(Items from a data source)
- - - - - - -
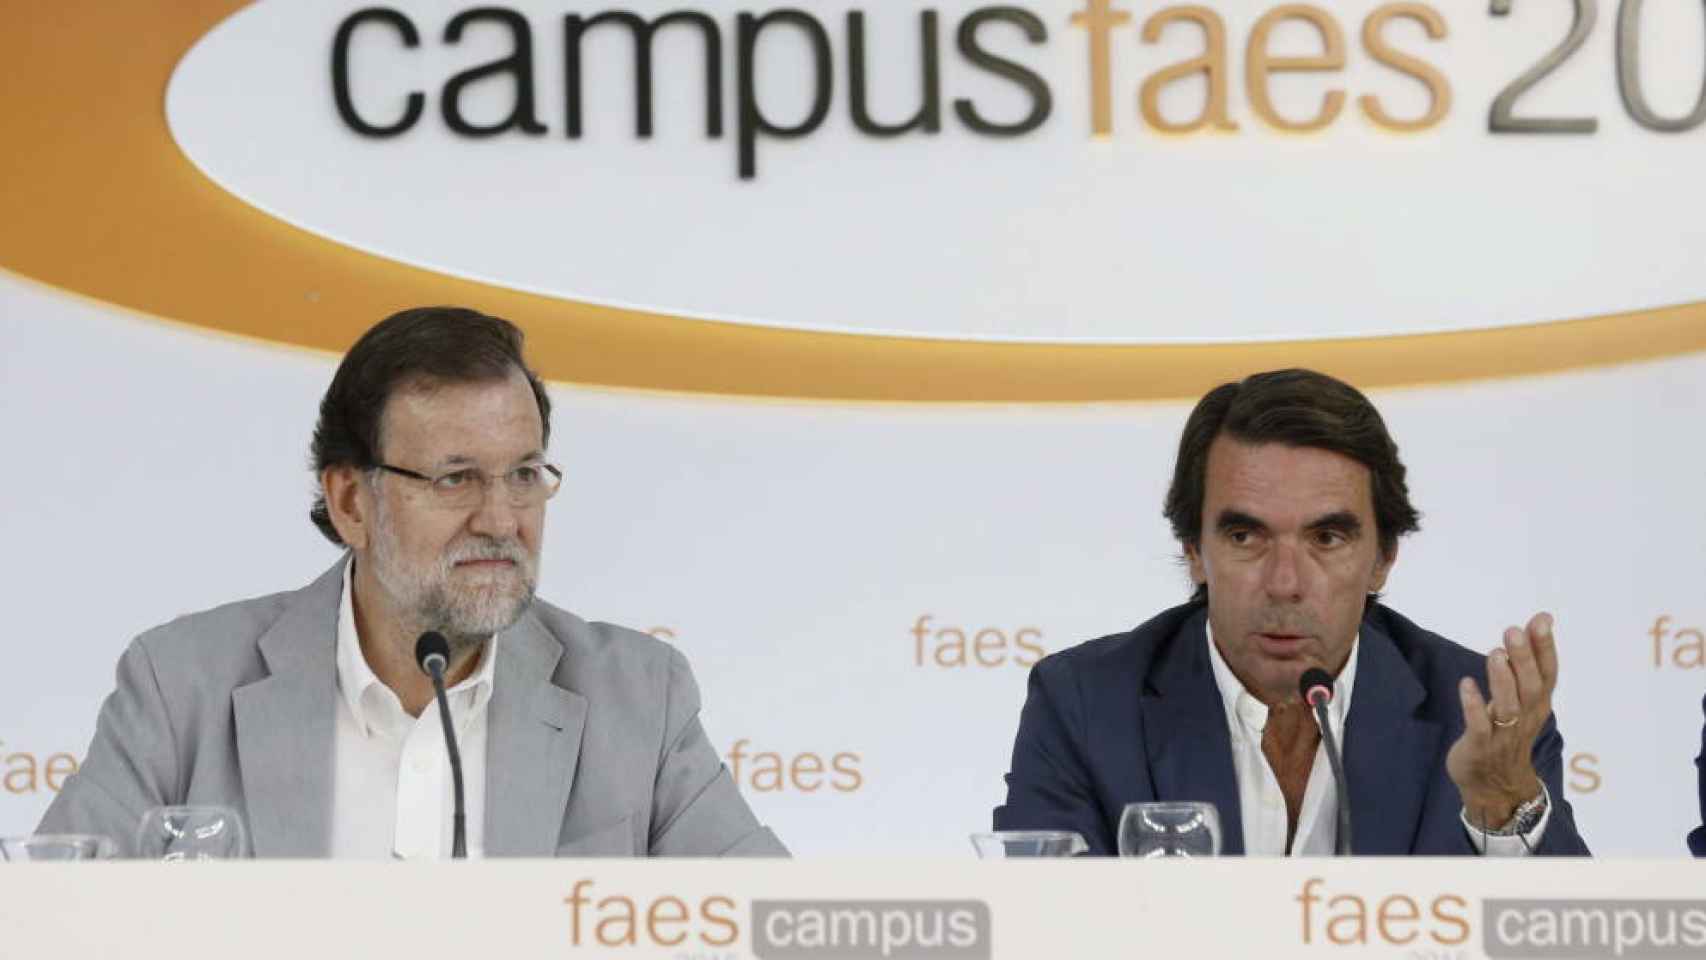 El expresidente José María Aznar con el presidente Mariano Rajoy en el Campus Faes.
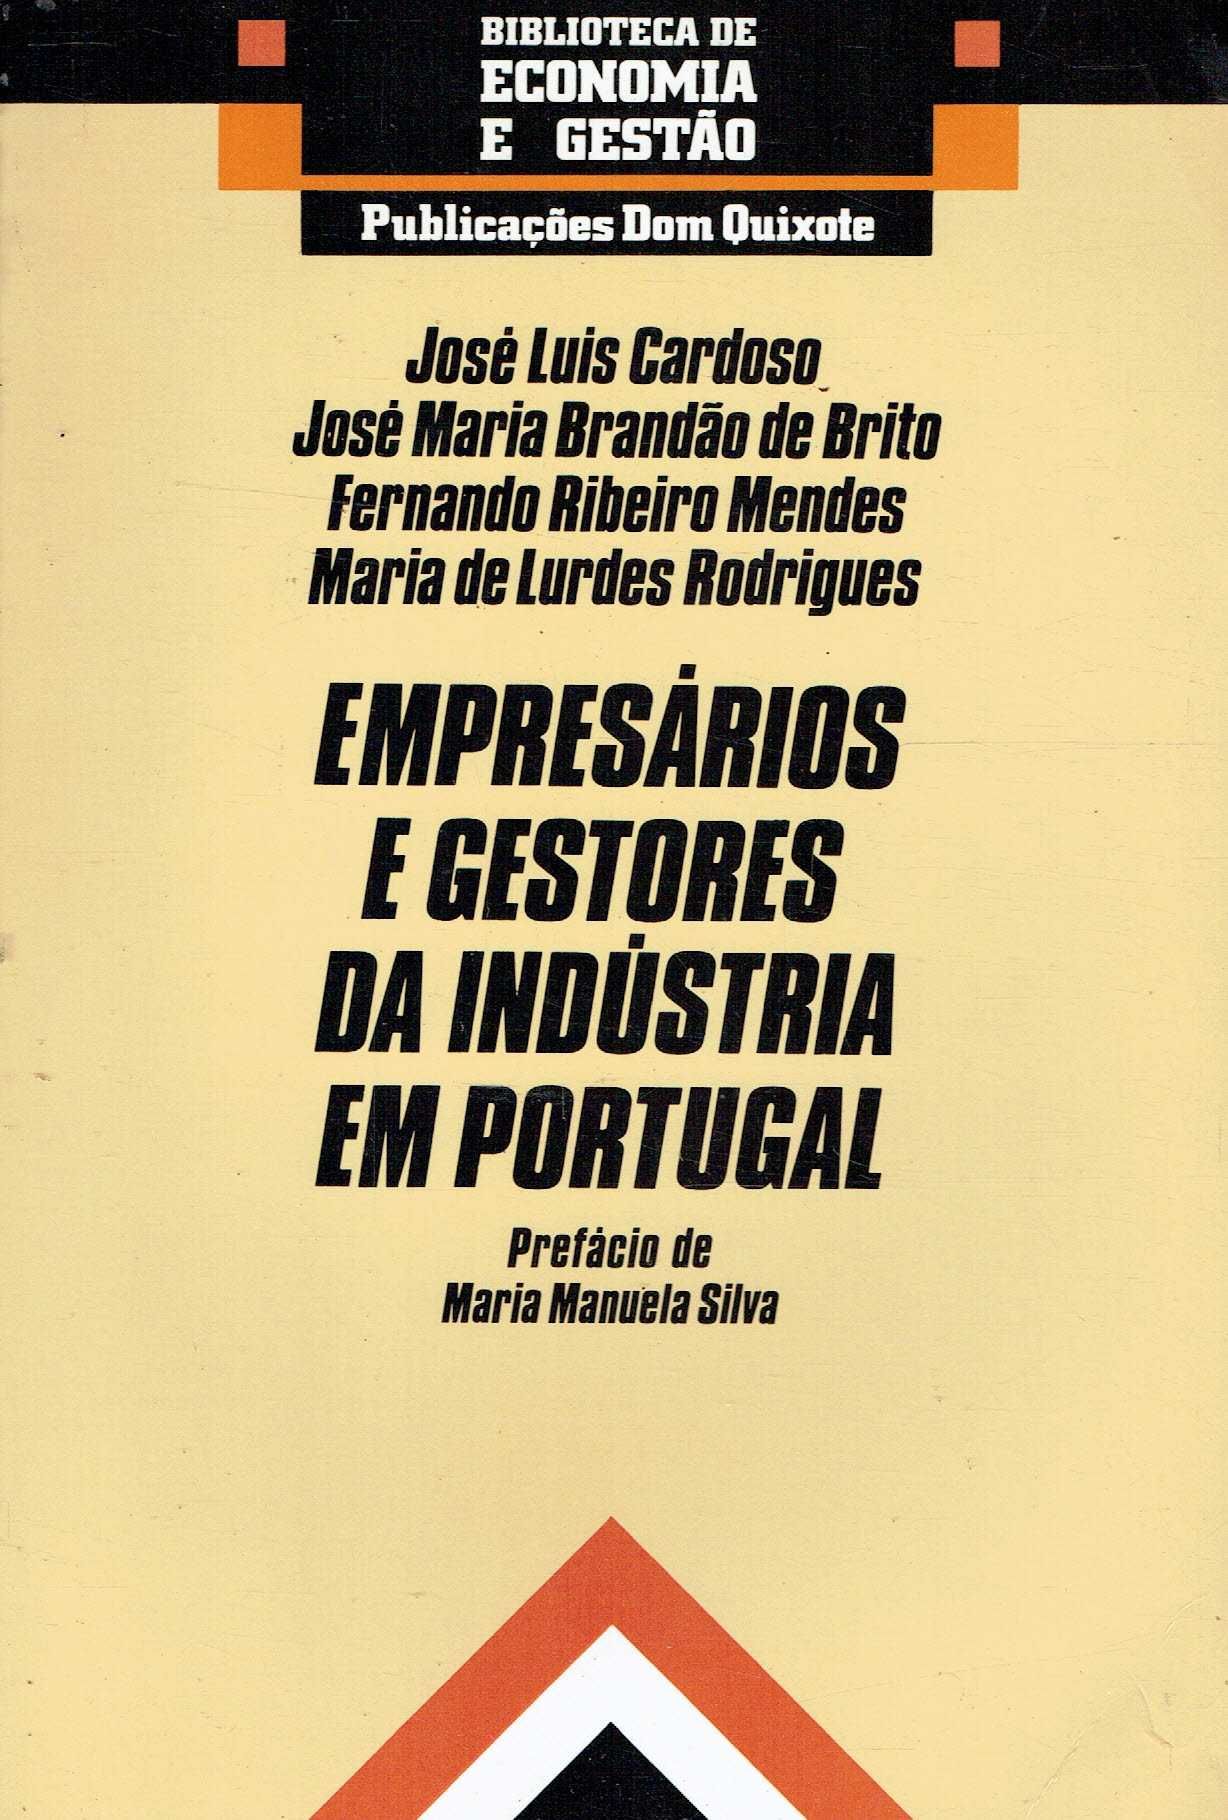 6924

Empresários e Gestores da Industria em Portugal
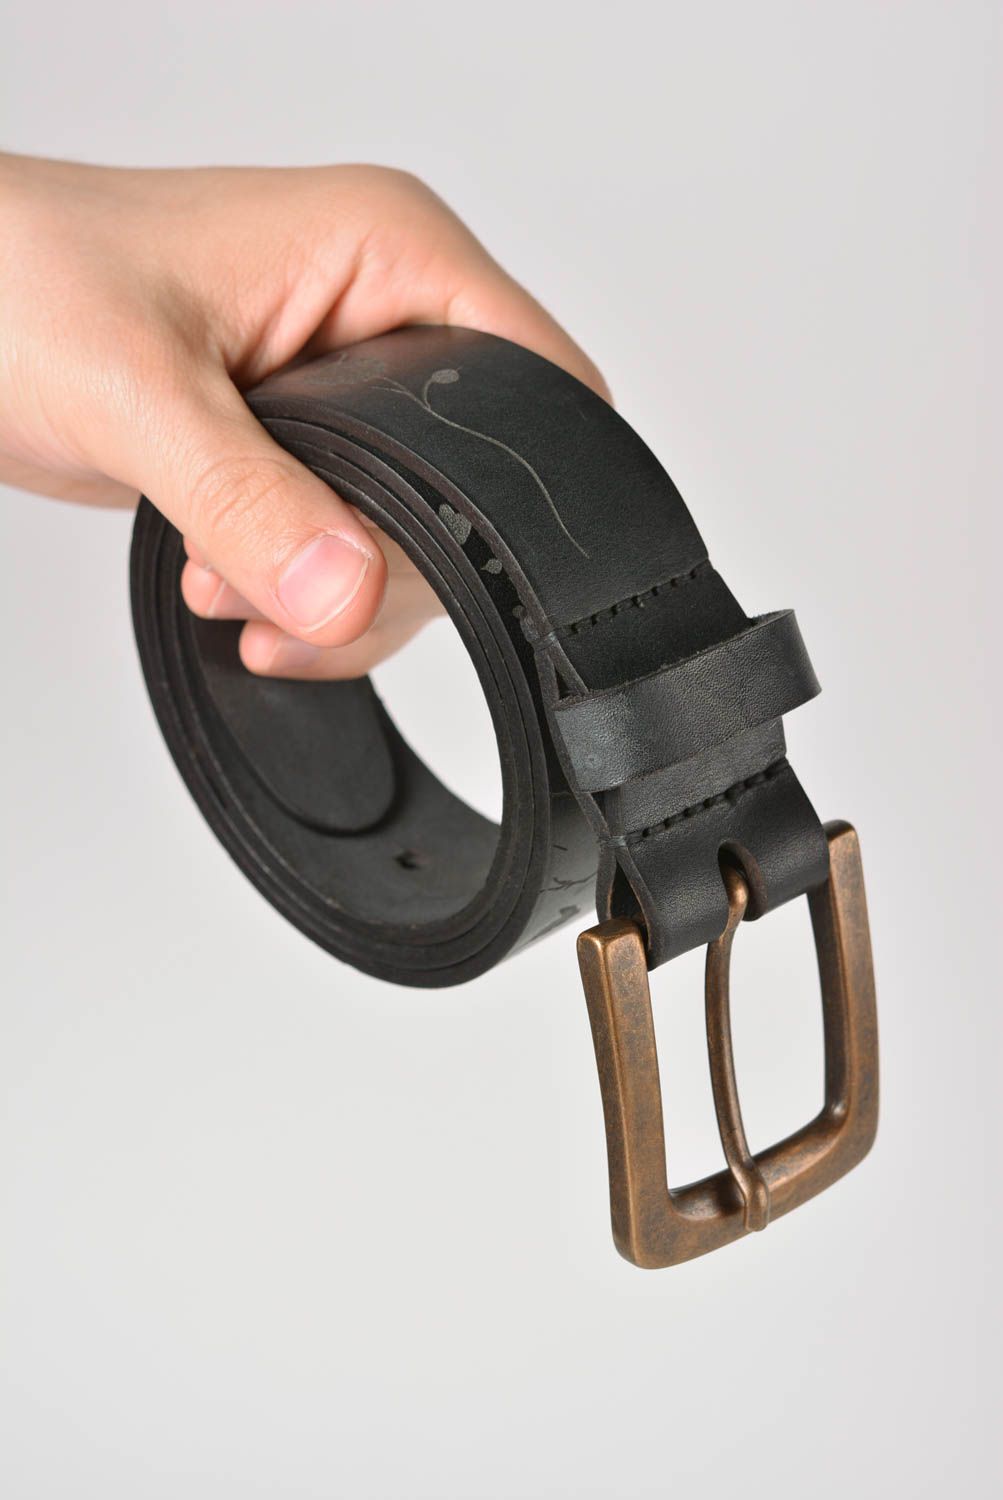 Black leather belt designer belts for men handmade leather goods gifts for him photo 4
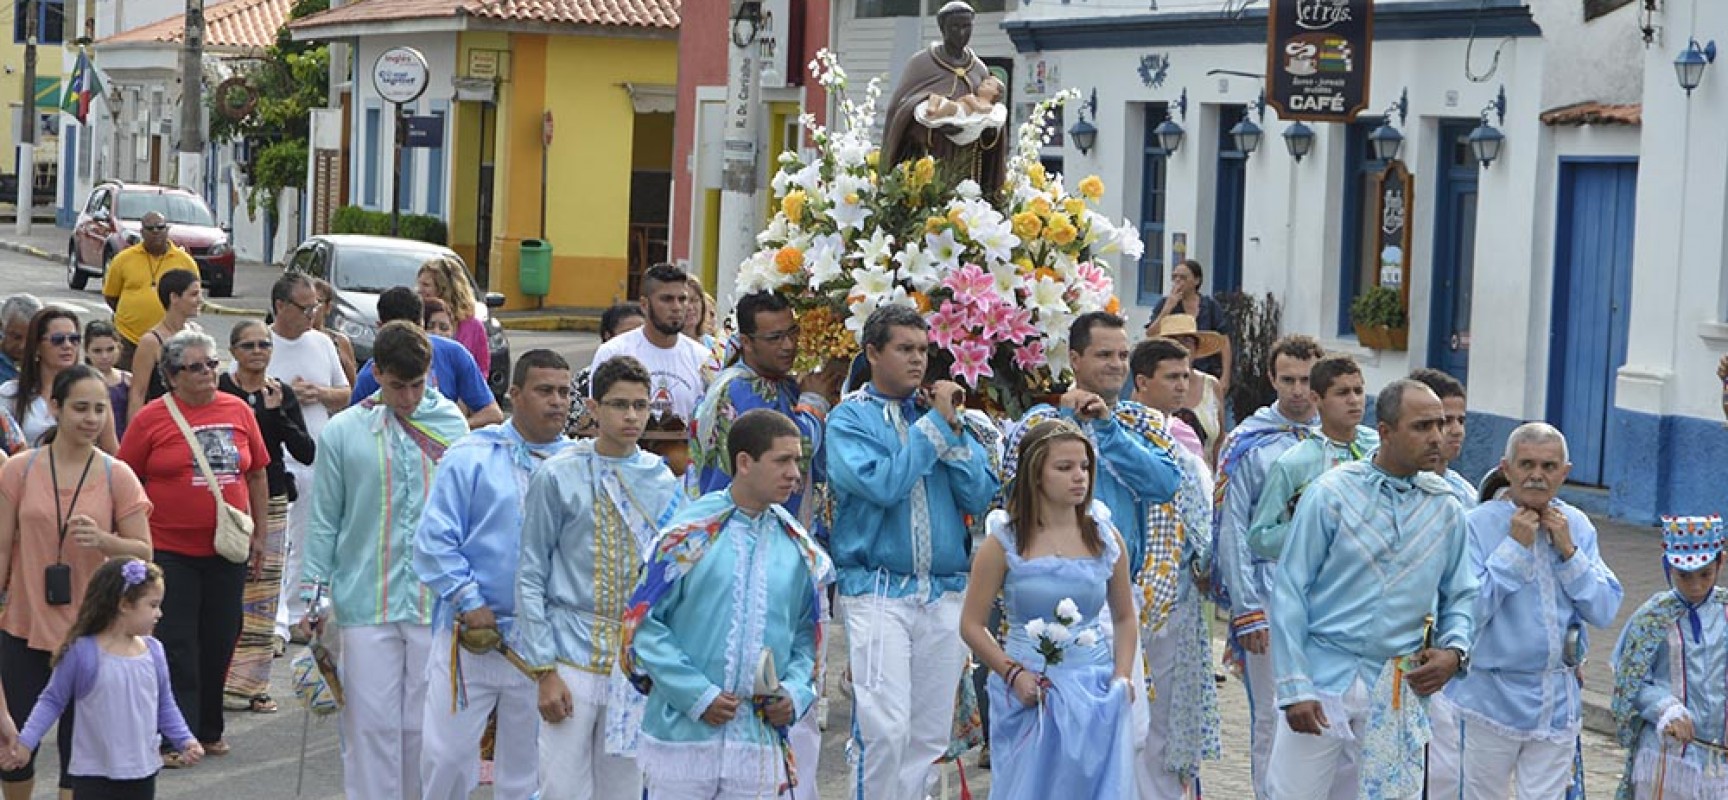 XV Semana da Cultura Caiçara começa na terça com grande programação em Ilhabela
- - - - - - -
**WORK INSTRUCTIONS**:
Could the data be reproduced exactly, with the pictures omitted?

**RESULT OF THE EXERCISE**:
 El expresidente José María Aznar con el presidente Mariano Rajoy en el Campus Faes.
 6924

Empresários e Gestores da Industria em Portugal
 Black leather belt designer belts for men handmade leather goods gifts for him photo 4
 XV Semana da Cultura Caiçara começa na terça com grande programação em Ilhabela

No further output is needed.